_Task instructions:_ The expected output is an exact copy of each line from the line with "google maps, location, gps-3337030.jpg" through the end of the data below, with no pictures in it.

_Recorded information:_
● ● ● ● ●

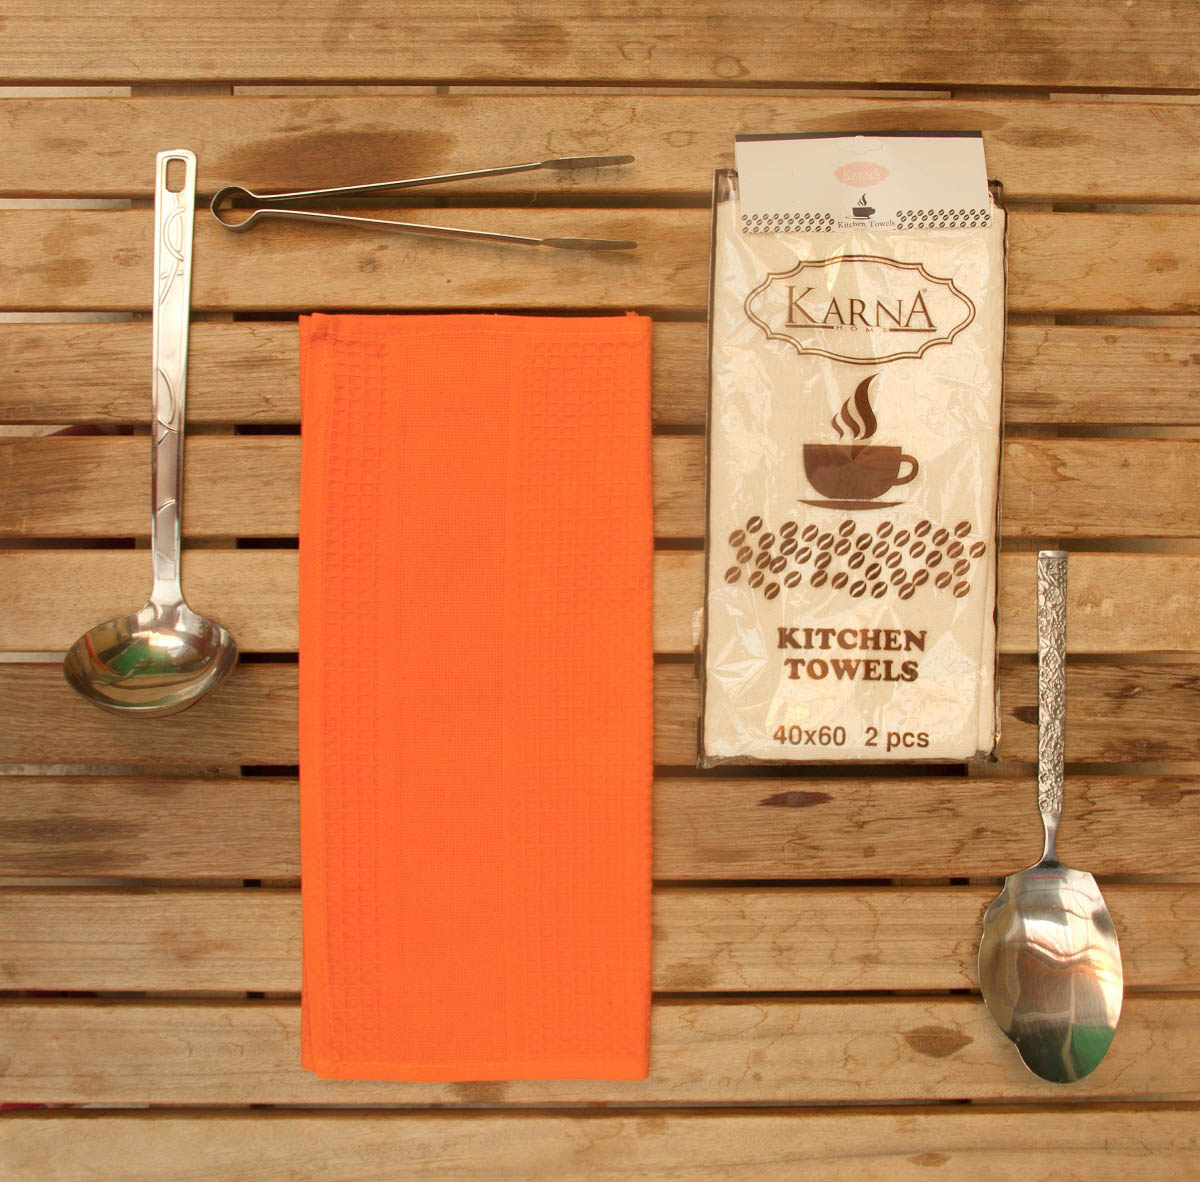 Полотенца Medley Кухонное полотенце Rosemary Цвет: Оранжевый (40х60 см - 2 шт) primavelle кухонное полотенце floressa цвет фиолетовый 40х60 см 2 шт
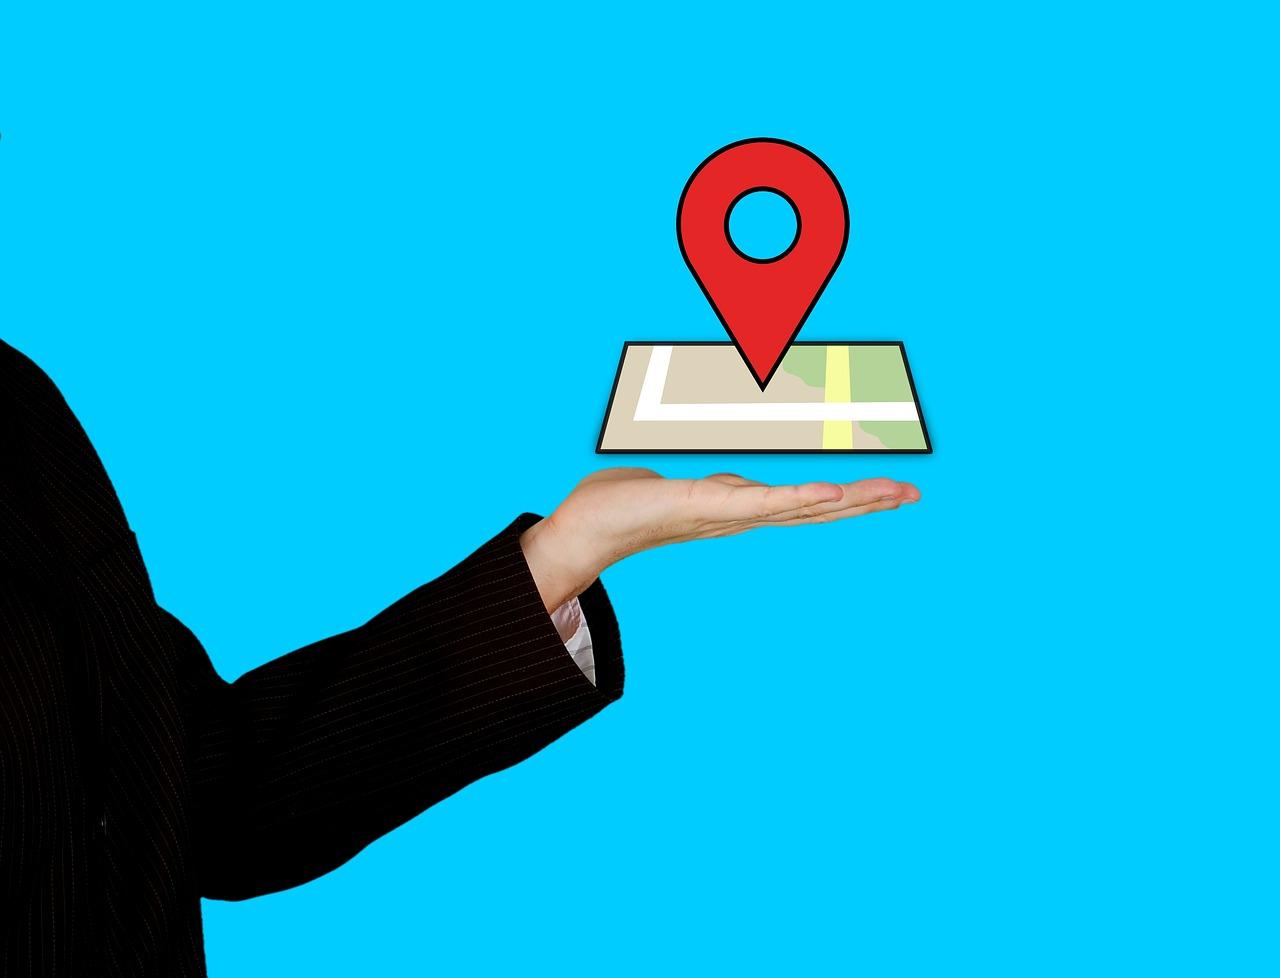 google maps, location, gps-3337030.jpg
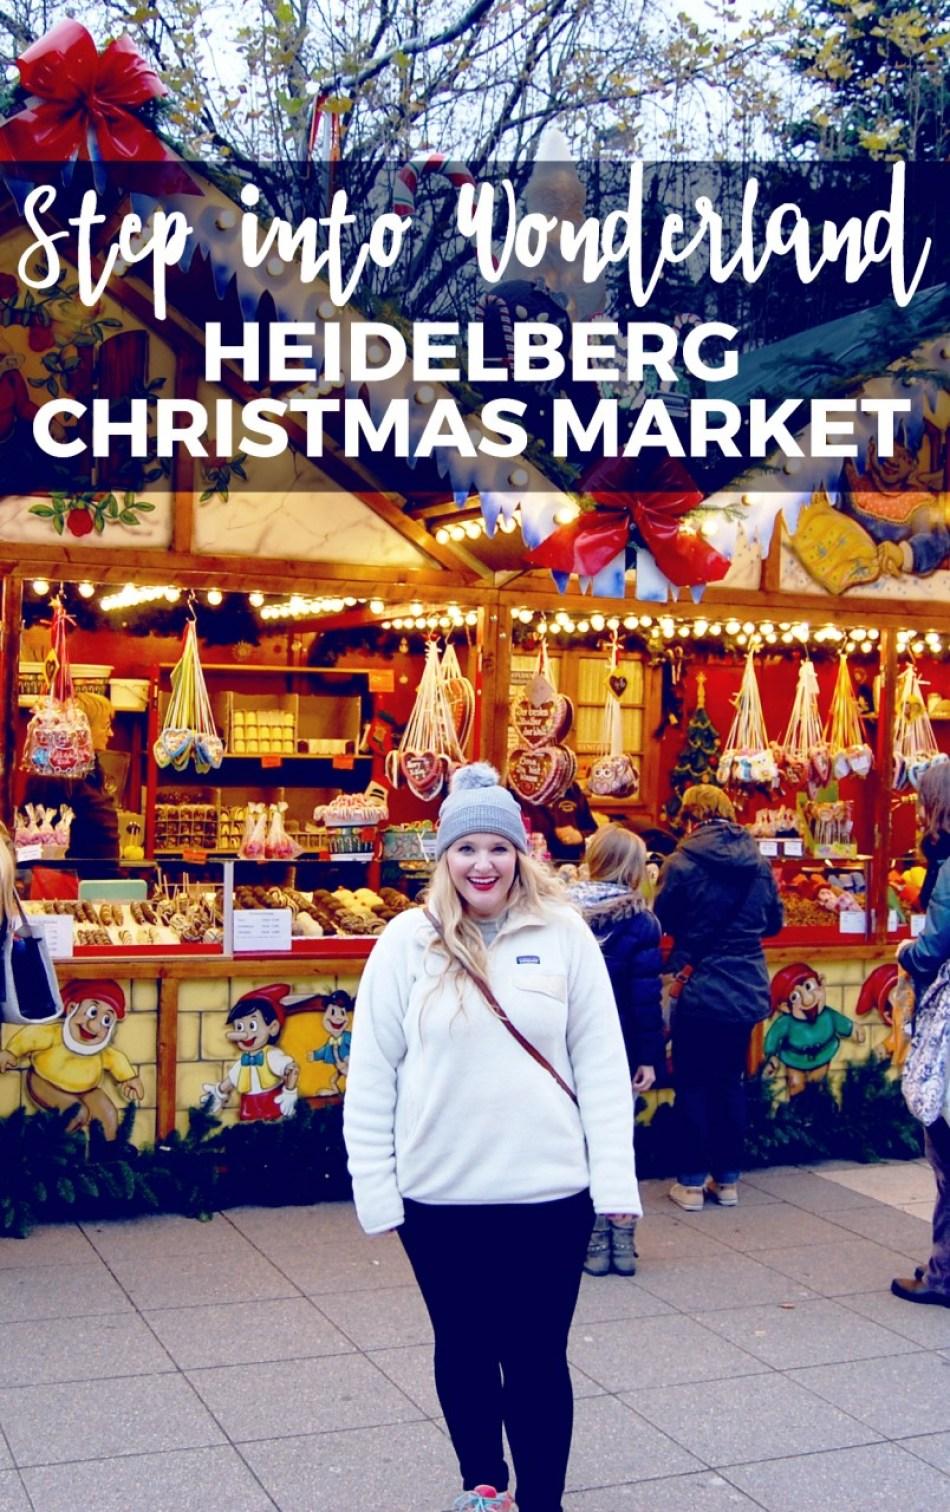 step-into-wonderland-with-heidelberg-christmas-market

● ● ● ● ●

_Finished task:_
 google maps, location, gps-3337030.jpg
 step-into-wonderland-with-heidelberg-christmas-market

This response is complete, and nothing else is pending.